**THE TASK**
Exactly reproduce the lines from the line that has "Italian White Sturgeon" down to the last line of the entries, inclusive.

*** Block opens ***

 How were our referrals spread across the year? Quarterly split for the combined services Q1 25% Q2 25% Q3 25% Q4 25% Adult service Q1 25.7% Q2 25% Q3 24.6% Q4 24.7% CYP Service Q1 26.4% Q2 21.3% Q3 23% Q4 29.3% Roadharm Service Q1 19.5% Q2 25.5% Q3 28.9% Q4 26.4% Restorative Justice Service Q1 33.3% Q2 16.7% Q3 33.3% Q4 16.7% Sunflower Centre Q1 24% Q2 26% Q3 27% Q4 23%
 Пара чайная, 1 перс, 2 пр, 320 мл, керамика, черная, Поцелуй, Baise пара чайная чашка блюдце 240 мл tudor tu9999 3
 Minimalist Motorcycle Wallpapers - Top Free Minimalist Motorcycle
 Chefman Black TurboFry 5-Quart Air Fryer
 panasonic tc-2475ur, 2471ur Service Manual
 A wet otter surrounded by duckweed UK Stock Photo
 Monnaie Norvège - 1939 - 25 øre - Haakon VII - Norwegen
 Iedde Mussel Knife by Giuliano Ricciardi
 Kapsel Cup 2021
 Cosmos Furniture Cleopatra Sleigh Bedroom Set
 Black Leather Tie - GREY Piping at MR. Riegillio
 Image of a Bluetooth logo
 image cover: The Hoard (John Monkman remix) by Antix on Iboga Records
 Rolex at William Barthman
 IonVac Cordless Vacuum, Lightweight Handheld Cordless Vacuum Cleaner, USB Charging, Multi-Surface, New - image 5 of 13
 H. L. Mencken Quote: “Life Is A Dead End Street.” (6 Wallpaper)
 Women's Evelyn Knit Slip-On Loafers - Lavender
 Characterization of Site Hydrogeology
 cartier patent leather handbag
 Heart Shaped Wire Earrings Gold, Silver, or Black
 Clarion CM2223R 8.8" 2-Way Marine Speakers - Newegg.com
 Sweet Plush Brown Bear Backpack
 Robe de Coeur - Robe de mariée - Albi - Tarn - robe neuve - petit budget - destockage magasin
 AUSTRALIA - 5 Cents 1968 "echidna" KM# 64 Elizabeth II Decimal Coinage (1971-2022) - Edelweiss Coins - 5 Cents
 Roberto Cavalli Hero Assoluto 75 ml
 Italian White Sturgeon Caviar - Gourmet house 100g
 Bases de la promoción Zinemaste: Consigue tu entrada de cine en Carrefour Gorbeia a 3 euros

*** Block closes ***

**TASK ANSWER**
 Italian White Sturgeon Caviar - Gourmet house 100g
 Bases de la promoción Zinemaste: Consigue tu entrada de cine en Carrefour Gorbeia a 3 euros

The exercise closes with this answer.